In the following, we will describe how the text classification model is build and its major components.

In this project, our team is doing the text classification competition. The specific task is sarcasm detection, given a specific Twitter response, we are trying to tell if the response is sarcasm. Each data point in the given dataset consist of the response tweet and also the context of the response. The goal of this project is to develop a robust model that can perform well in telling whether the given Twitter response is sarcasm or not.

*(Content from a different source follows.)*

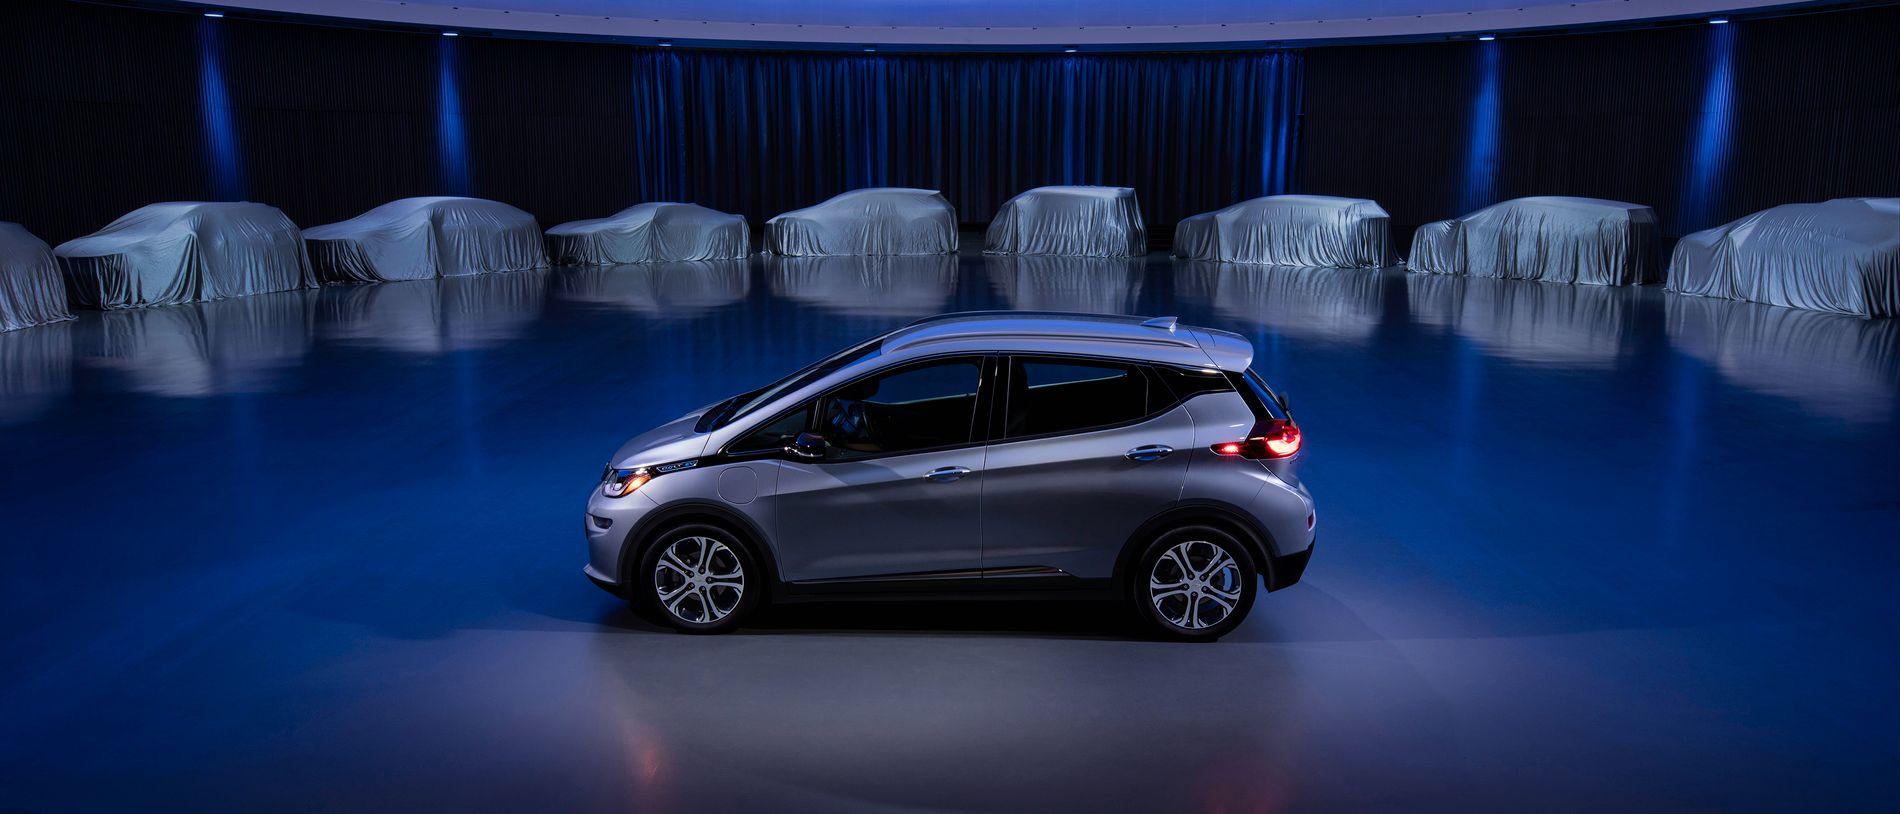 Nissan ser for seg solid vekst i elbilsalget - E24

• https://mediaspace.illinois.edu/media/1_pa3h5d8y

We have experimented with many different models. In the end, we reached the competition benchmark score by fine-tuning a pre-trained BERT, distilled BERT in specific.

For data cleaning, we remove punctuations and any other special characters in the Twitter response. Also, we expand abbreviations such as can't and won't into can not and will not respectively. We also remove the heading of each response. After cleaning the data, we use a pre-trained DistilBertTokenizer to tokenize the cleaned response data. Then, the tokenized responses are used as the input to our model.

The general idea of our model is to fine-tune the pre-trained distilled BERT for text classification. We achieved this by adding two extra fully connected linear layers to the BERT output and fixing the parameters for the BERT model. The general pipeline of the model is that given tokenized responses as input, we first put the inputs to the distilled BERT base model to get high-dimensional representations of the responses. Then the response representations are input to the two linear layers to get the final prediction of whether the response is sarcasm. Between the linear layers, we used ReLU as activation. We also applied dropout to both the output of the base model and the output of the linear layers.

Given raw Twitter response, we first preprocessing it following the data preprocessing steps to get tokenized responses. Then, the tokenized responses are used as the input to the BERT base model, which will give high-dimensional representations of the responses. Then, those representations are put into several linear layers to generate the final prediction. The loss function we use is a NLL loss. After getting the training prediction, together with the ground truth labels that indicate whether the response is sarcasm or not, we put them to the NLLLoss and performs back propagation on the computed loss.

During training, we split the train dataset into two subset, one for actual training, one for validation. The percentage of the validation set is 20% of the data point in the original training dataset. In each epoch, we evaluate the F1 score of the model on the validation set save the model having the best F1 score. For the actual prediction task on the test set, we use the saved model during training for the actual prediction.

We have come a long way to the model we have right now. We first thought of models based on CNN and RNN. But after actually implemented them, those models did not give results good enough to beat the competition benchmark. Apart from distilled BERT, we have also experimented with the full BERT, which gives decent result, but it tends to overfit and takes a lot more time to run. We have also tried to vary the number of linear layers and the dimension of those layers used to fine-tune the model, we have tried to add 3 or 4 linear layers and many other different combinations of dimension, but we finalized to 2 linear layers, which are of size(768, 256) and (256, 2). In terms of different activation function, we have tried Tanh, PReLU, and LeakyReLU. Though they all give very similar results, we choose ReLU in the end. We have also experimented the dropout ratio in the range [0, 0.5]. We observed that with 0.5 dropout, the model reaches best performance on the test set. We also tried to tune the learning rate in the range[0.00001, 0.01].

For data preprocessing, we found that removing stopwords and stemming the words has negatively affected the performance of our model. Expanding abbreviations seems to have improve the performance of the model by reducing overfitting. Removing punctuations and special characters generally gives cleaner data for the tokenizer. Therefore, it helps both with the model training and model testing.

• Python
• Json
• PyTorch
• Skit-Learn
• Transformers

To install dependencies, you can use the included environment.ysml in the code directory to create a virtual environment with Anaconda. Installation reference can be found here. A detailed tutorial is also included in the DEMO.

• Junting Wang: Team Leader. Implemented the model and written up the code documentation.
• Tianwei Zhang: Helped with experiments, model testing and project DEMO.